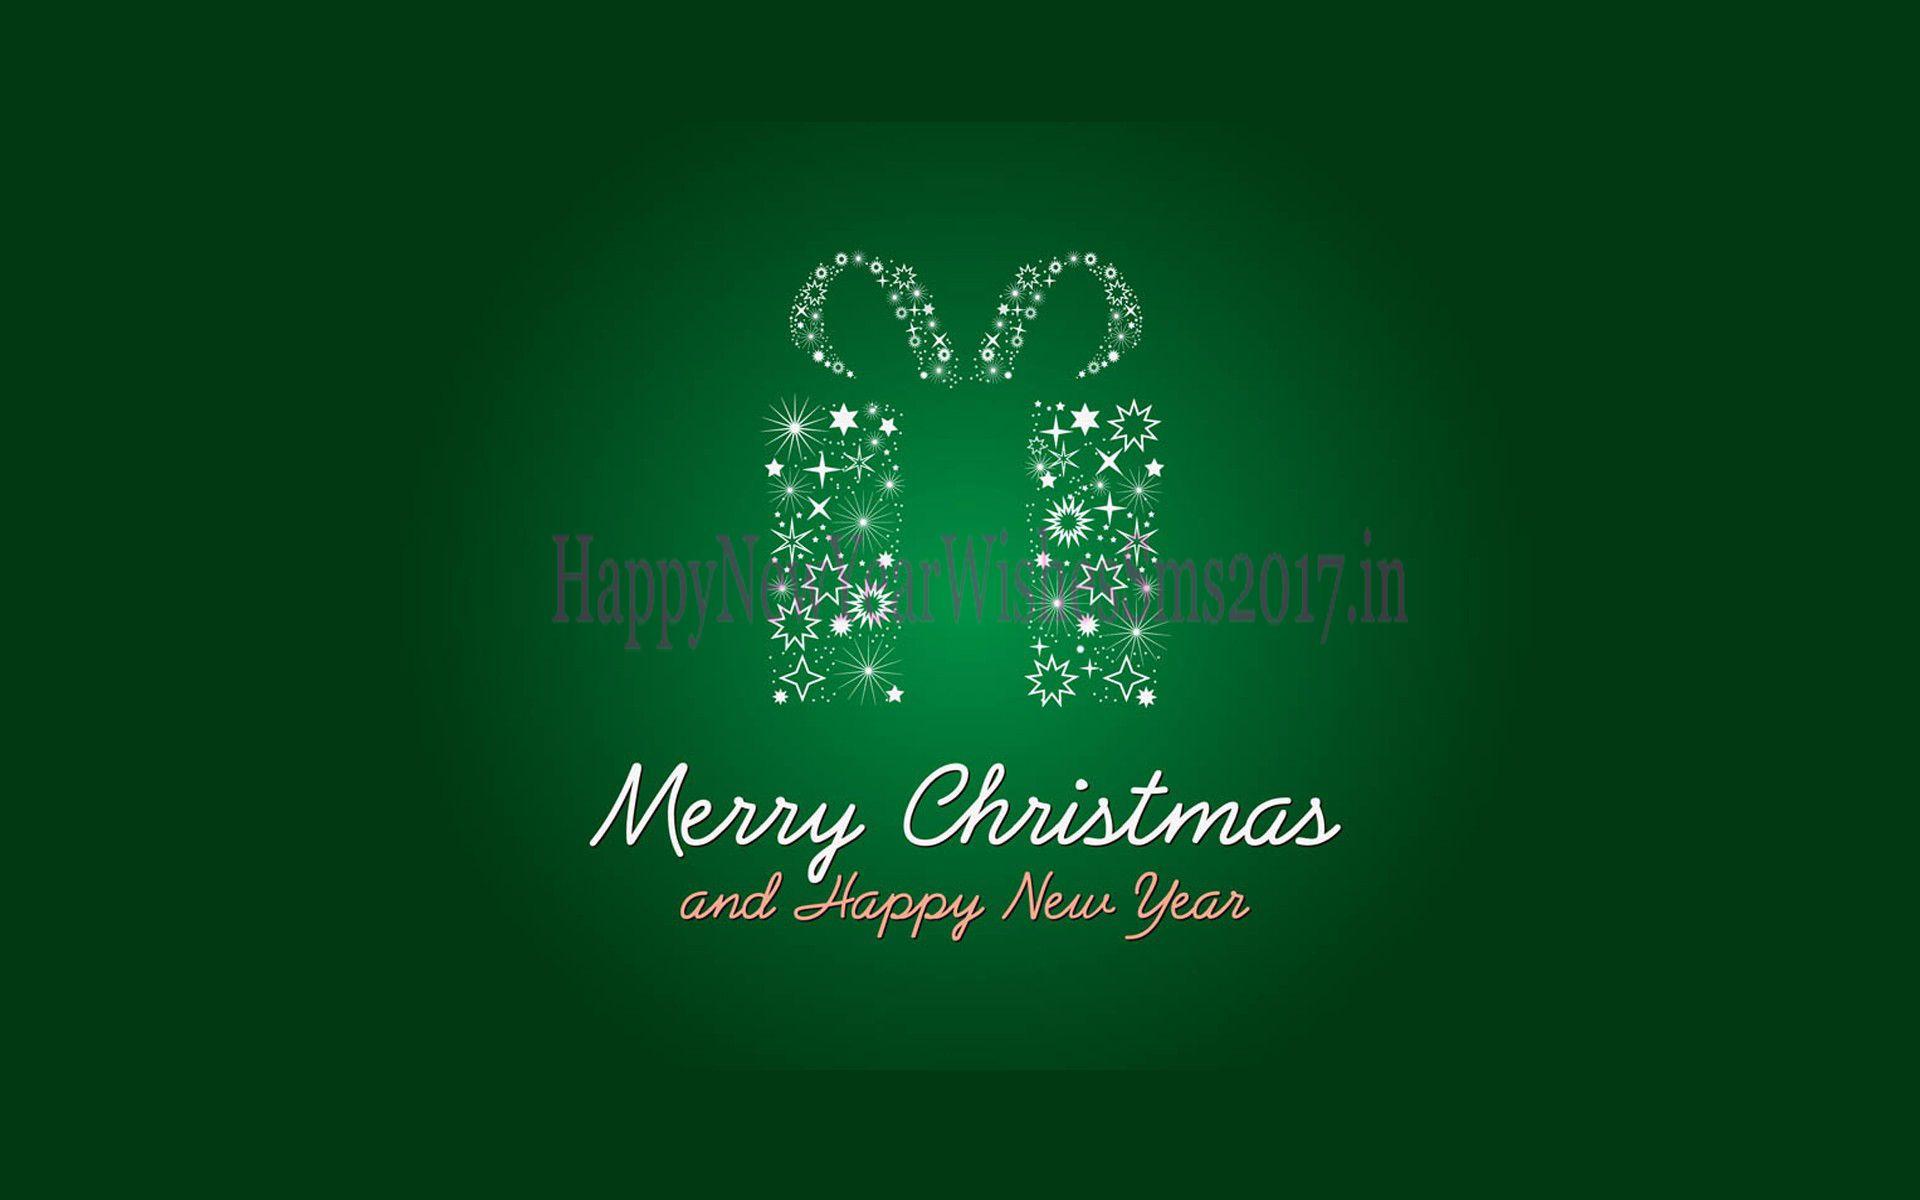 Merry Christmas Sms Christmas Greetings Merry Christmas Sms
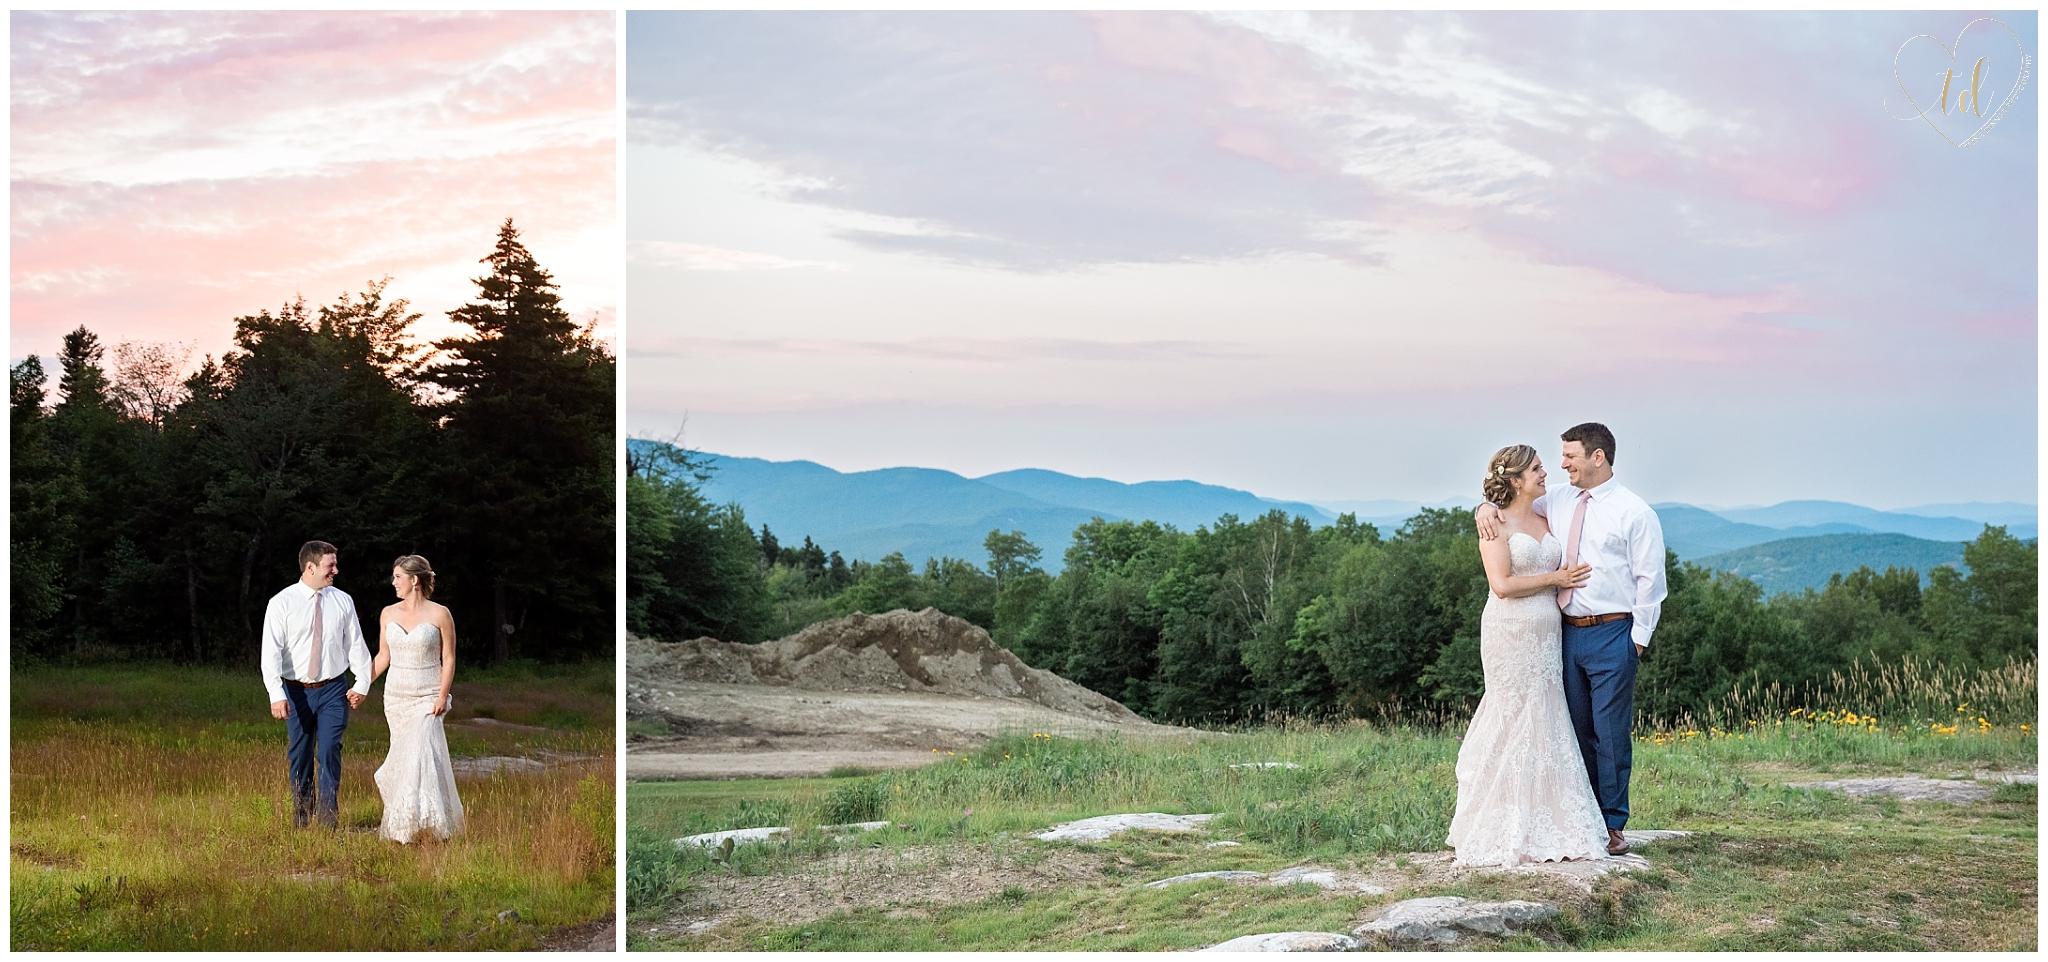 Sunday River Peak Lodge Wedding Portraits
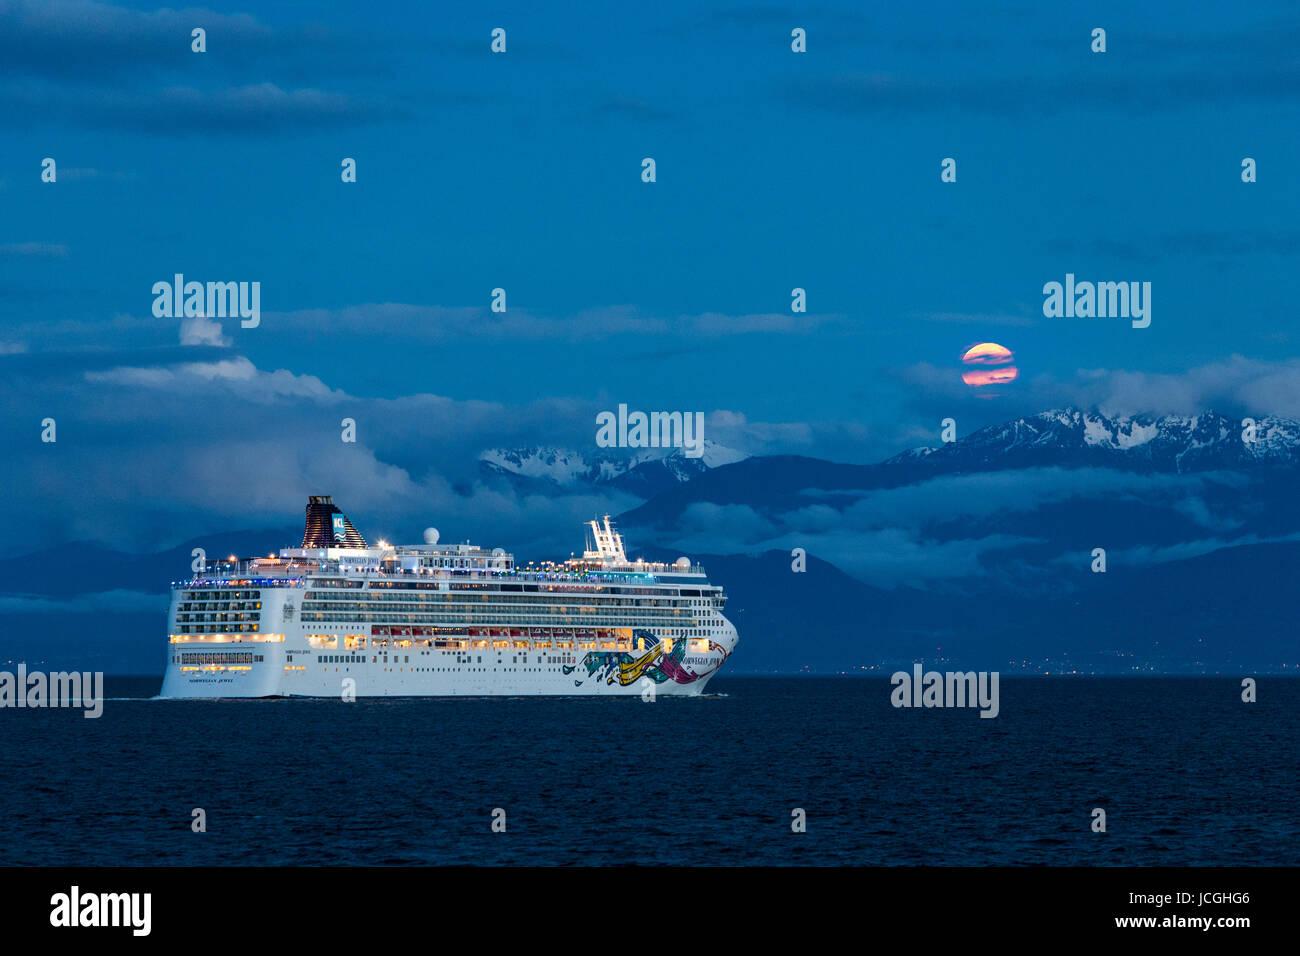 Cruise ship Norwegian Jewel departing port of Victoria at dusk-Victoria, British Columbia, Canada. - Stock Image

• _INSTRUCTIONS TO FOLLOW_:
Word for word, give the data above again, without any images.

• _SOLUTION BELOW_:
 Merry Christmas Sms Christmas Greetings Merry Christmas Sms
 Sunday River Peak Lodge Wedding Portraits
 Cruise ship Norwegian Jewel departing port of Victoria at dusk-Victoria, British Columbia, Canada. - Stock Image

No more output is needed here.